▶ _PROBLEM TO SOLVE_: Without any images, write the listing below out word for word.

▶ _INFORMATION PROVIDED_:
********************

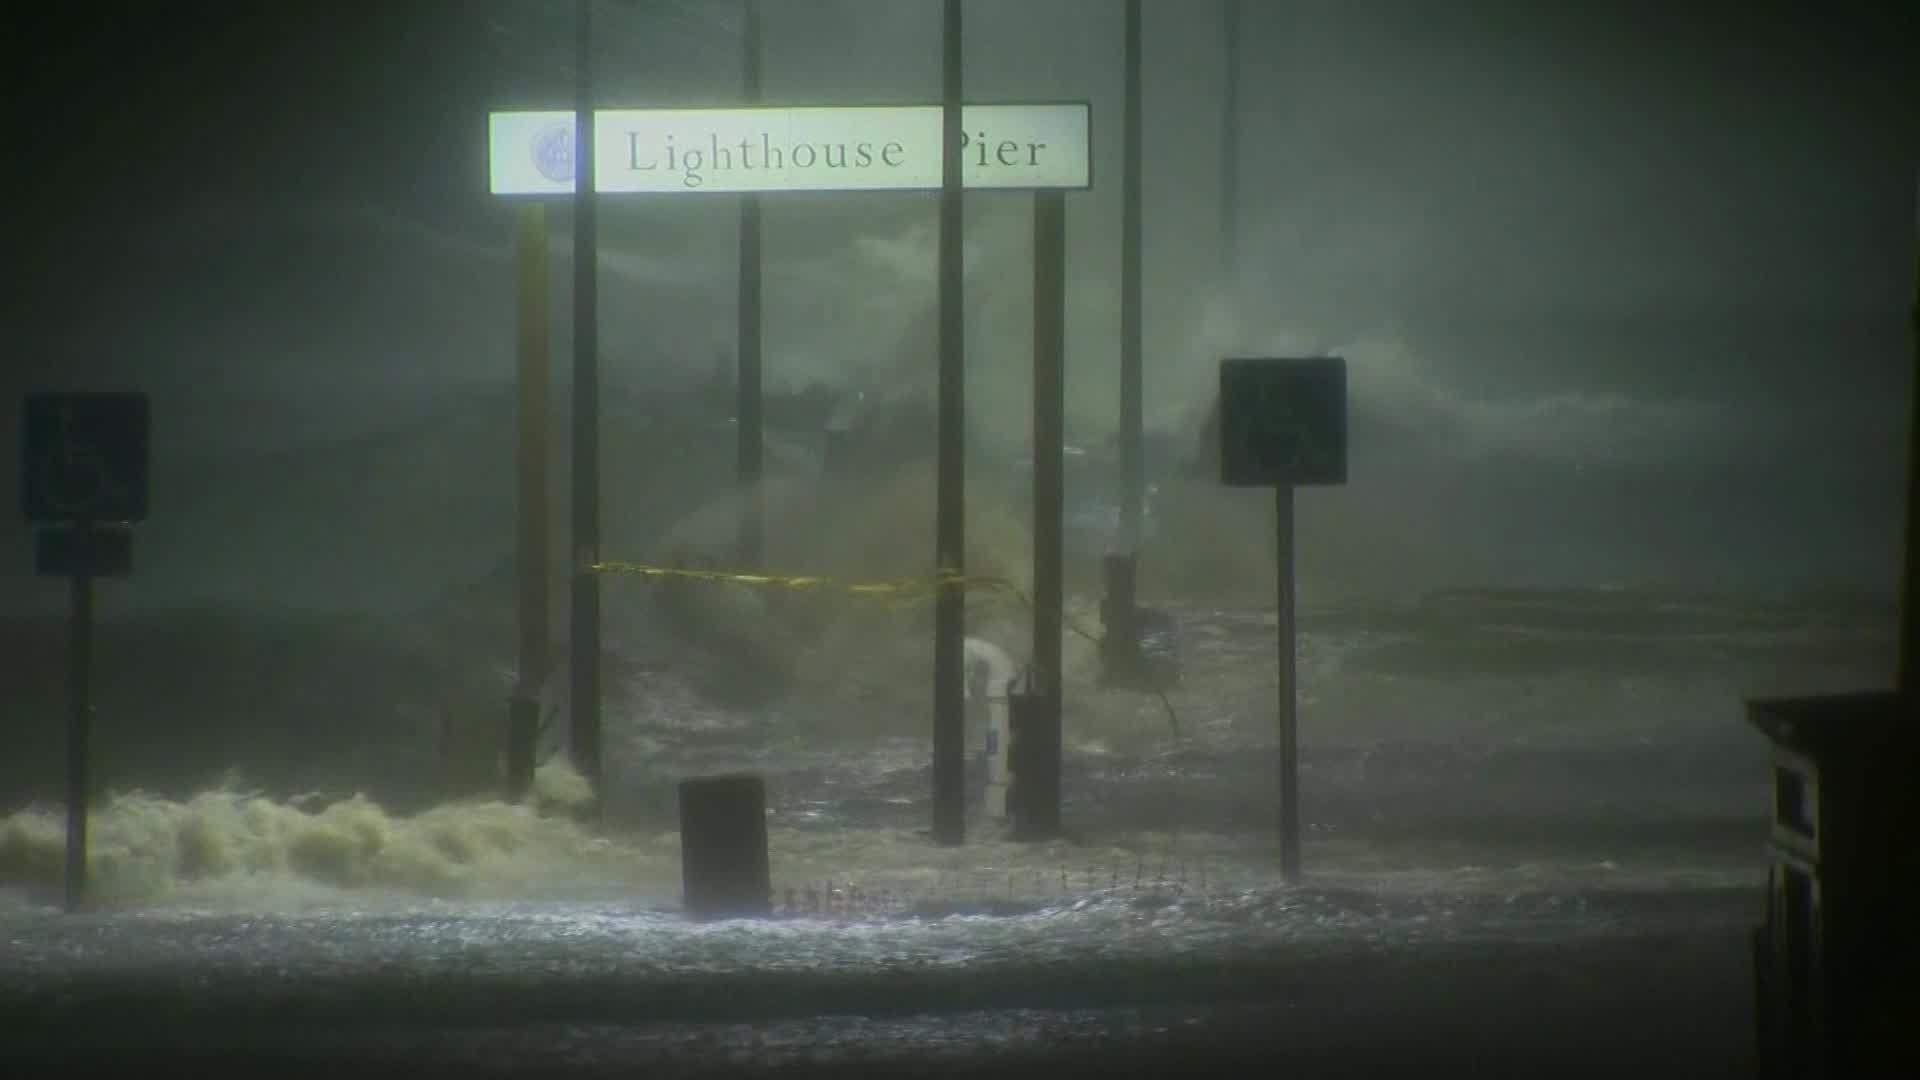 storm surge in biloxi at lighthouse pier_321541
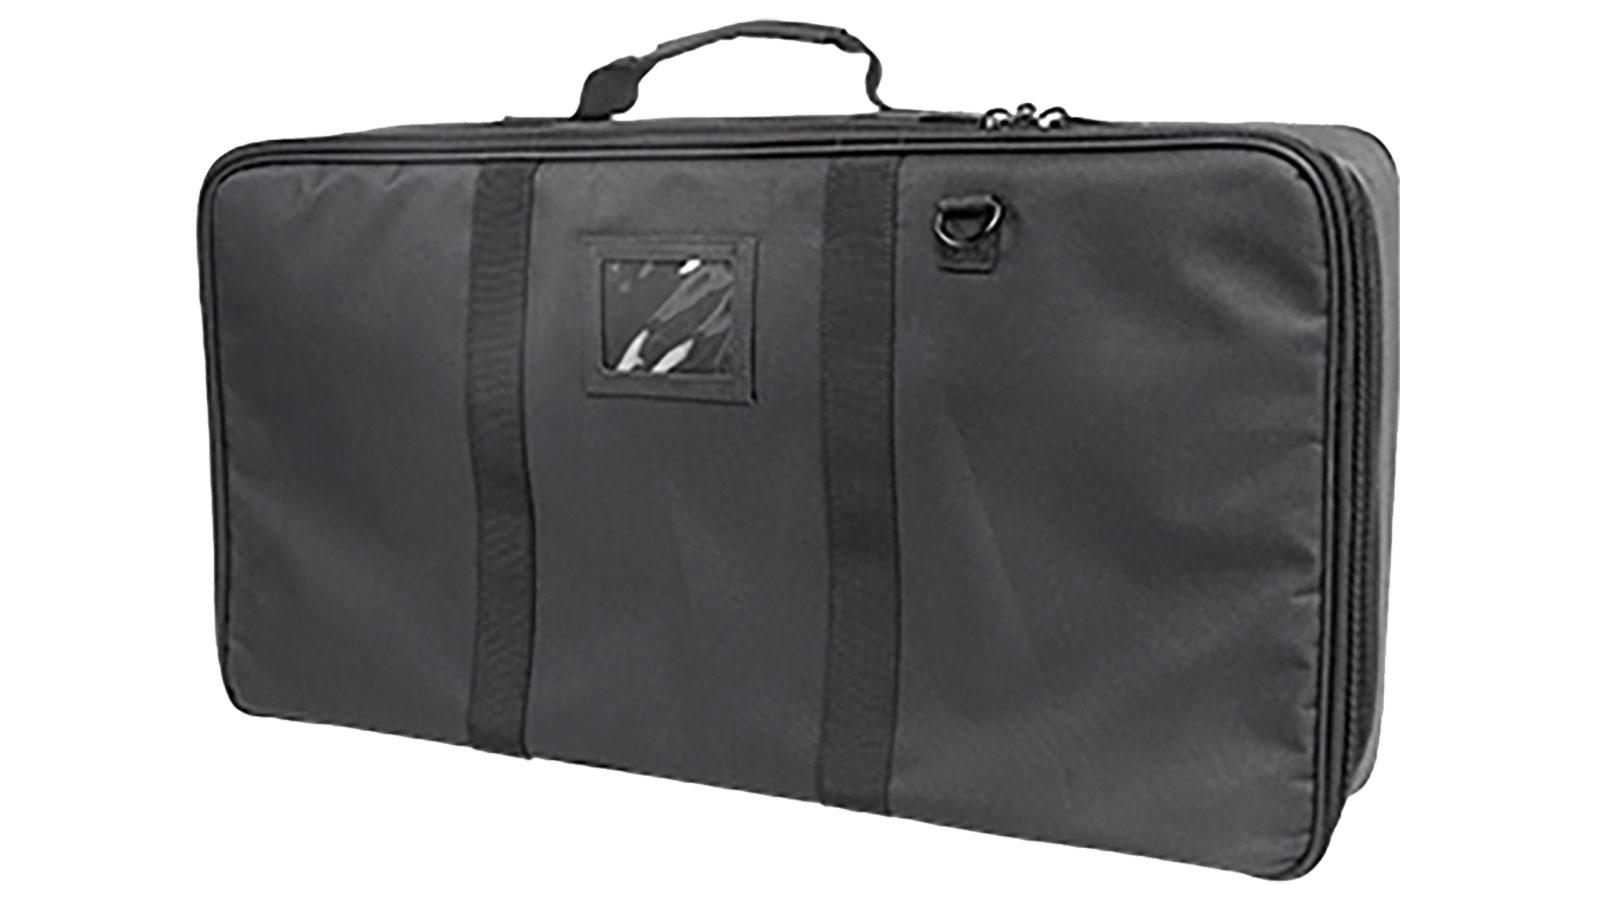 NCStar Discreet Carbine Case|Black|26-inch Lx13H
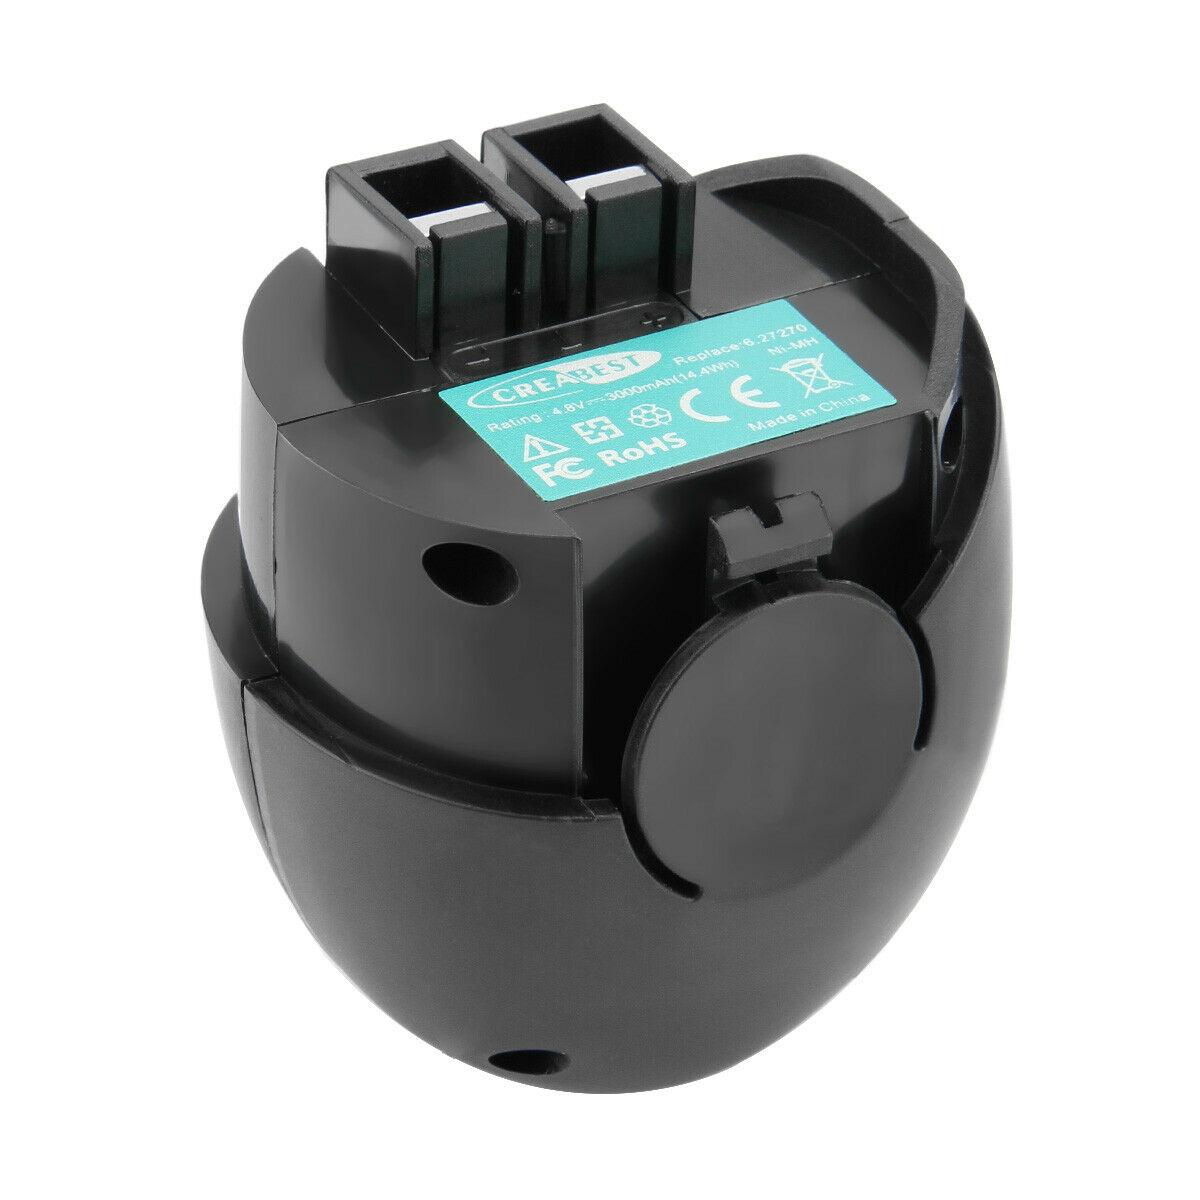 4.8V 3.0AH Ni-MH Metabo Powergrip 2 II Flashlight Powermaxx 6.27270 compatible Battery
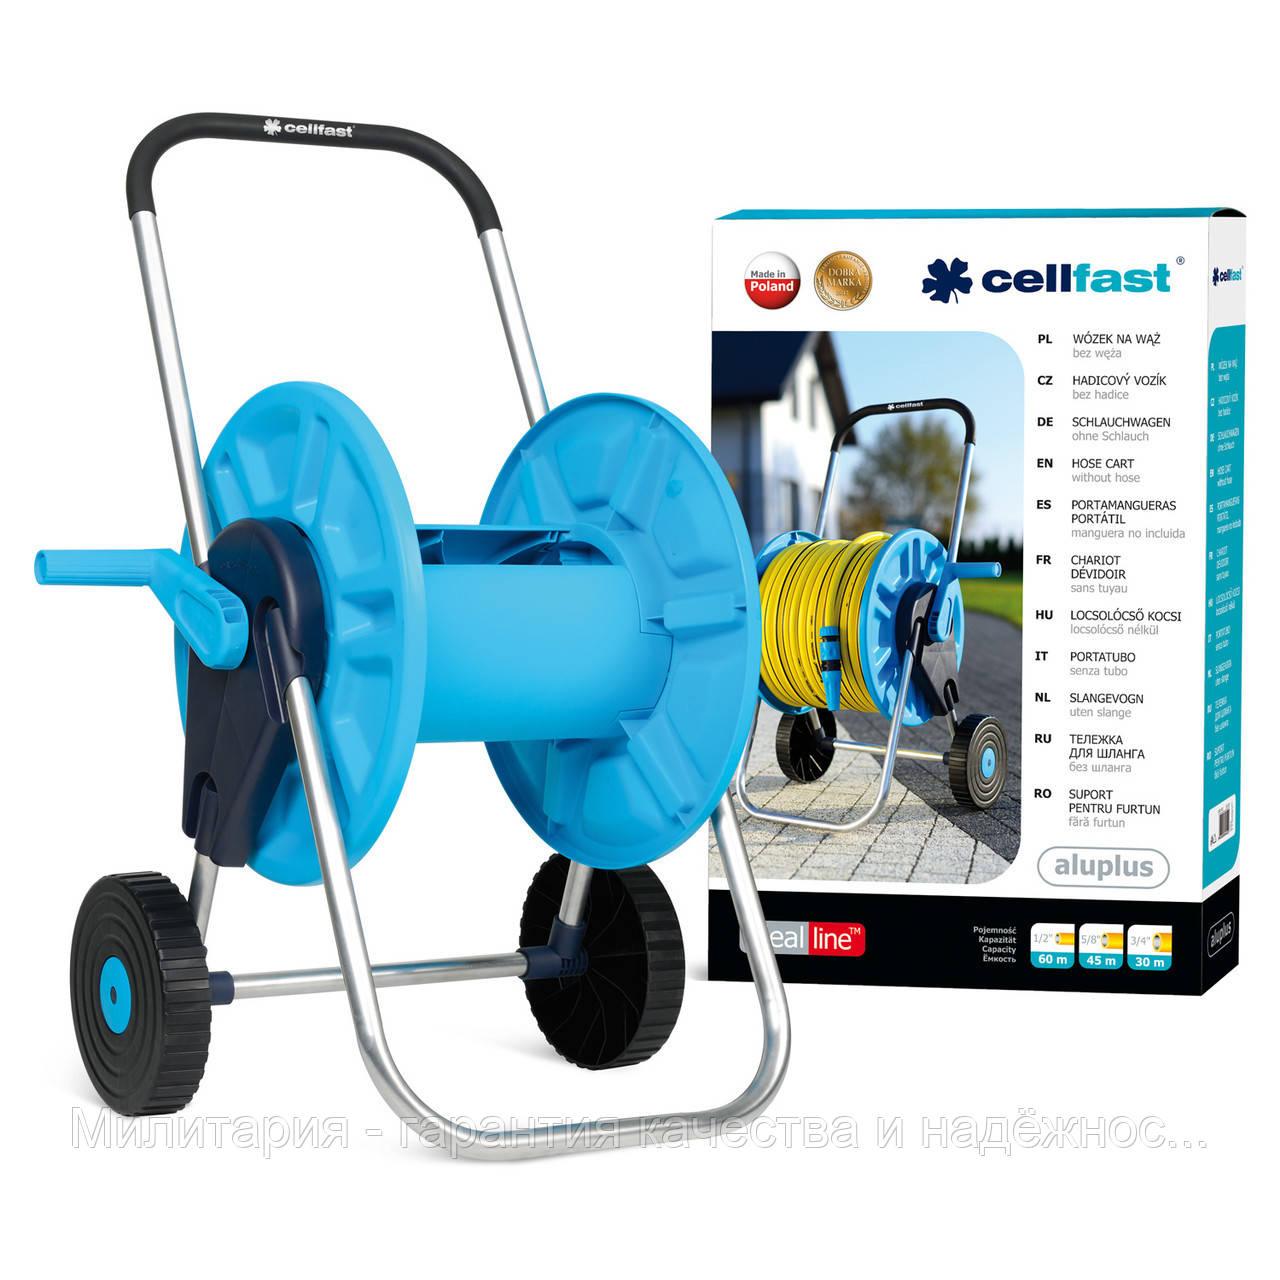 Тележка для шланга ALUPLUS (Cellfast) 60 метров 1/2

********************

▶ _RESPONSE BOX_:
 storm surge in biloxi at lighthouse pier_321541
 NCStar Discreet Carbine Case|Black|26-inch Lx13H
 4.8V 3.0AH Ni-MH Metabo Powergrip 2 II Flashlight Powermaxx 6.27270 compatible Battery
 Тележка для шланга ALUPLUS (Cellfast) 60 метров 1/2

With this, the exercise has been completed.